LBMKGC: Large Model-Driven Balanced Multimodal Knowledge Graph Completion

Yuan Guo; Qian Ma; Hui Li; Qiao Ning; Furui Zhan; Yu Gu; Ge Yu; Shikai Guo

LBMKGC: Large Model-Driven Balanced Multimodal Knowledge Graph Completion

Yuan Guo, Qian Ma, Hui Li, Qiao Ning, Furui Zhan, Yu Gu, Ge Yu, Shikai Guo

Published: 18 Sept 2025, Last Modified: 29 Oct 2025NeurIPS 2025 posterEveryoneRevisionsBibTeXCC BY-NC 4.0

Keywords: Multi-modal Knowledge Graphs, Knowledge Graph Completion, Cross-modal Interaction, Large Vision-Language Model

TL;DR: To tackle the challenges of imbalance and heterogeneity in multimodal knowledge graph completion (MKGC), this paper proposes a novel MMKGC framework that uses a large vision-language model, cross-modal alignment, and adaptive multimodal fusion.

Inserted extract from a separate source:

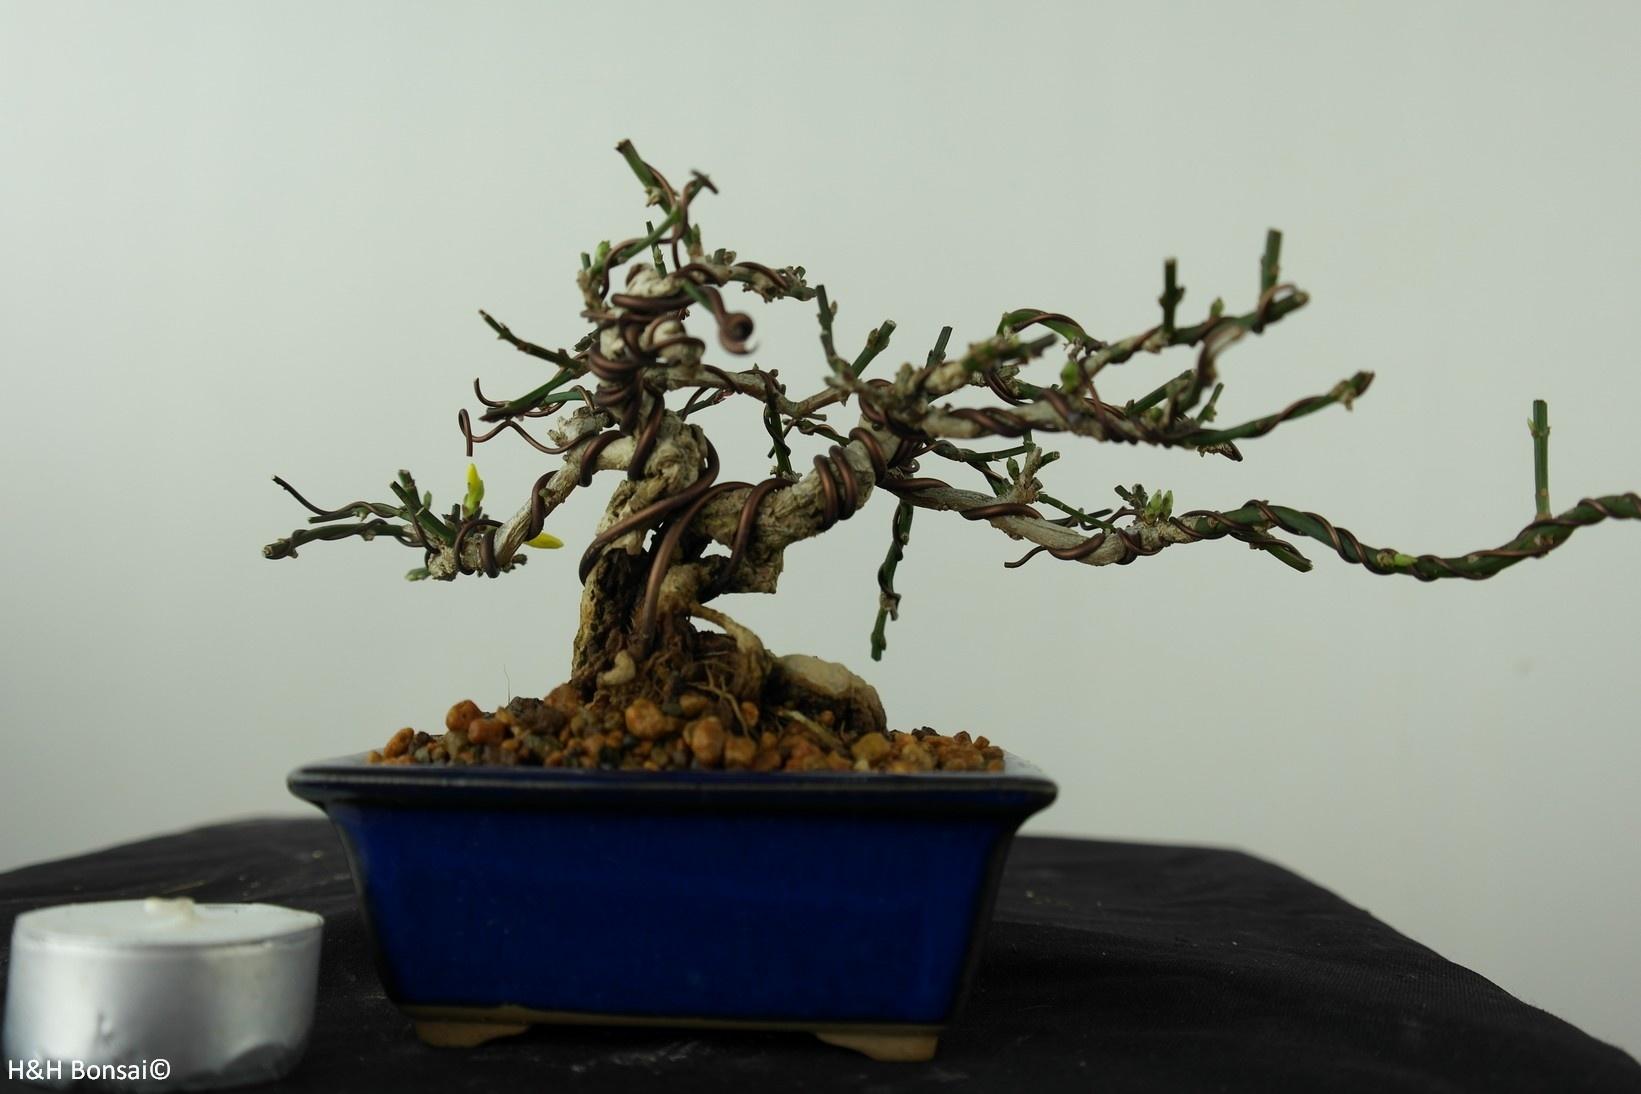 Bonsai ShohinWinter jasmine, Jasminum nudiflorum, no. 7527

Abstract: Multi-modal Knowledge Graph Completion (MMKGC) aims to predict missing entities, relations, or attributes in knowledge graphs by collaboratively modeling the triple structure and multimodal information (e.g., text, images, videos) associated with entities. This approach facilitates the automatic discovery of previously unobserved factual knowledge. However, existing MMKGC methods encounter several critical challenges: (i) the imbalance of inter-entity information across different modalities; (ii) the heterogeneity of intra-entity multimodal information; and (iii) for a given entity, the informational contributions of different modalities are inconsistent across contexts. In this paper, we propose a novel **L**arge model-driven **B**alanced **M**ultimodal **K**nowledge **G**raph **C**ompletion framework, termed LBMKGC. Subsequently, to bridge the semantic gap between heterogeneous modalities, LBMKGC aligns the multimodal embeddings of entities semantically by using the CLIP (Contrastive Language-Image Pre-Training) model. Furthermore, LBMKGC adaptively fuses multimodal embeddings with relational guidance by distinguishing between the perceptual and conceptual attributes of triples. Finally, extensive experiments conducted against 21 state-of-the-art baselines demonstrate that LBMKGC achieves superior performance across diverse datasets and scenarios while maintaining efficiency and generalizability. Our code and data are publicly available at: https://github.com/guoynow/LBMKGC.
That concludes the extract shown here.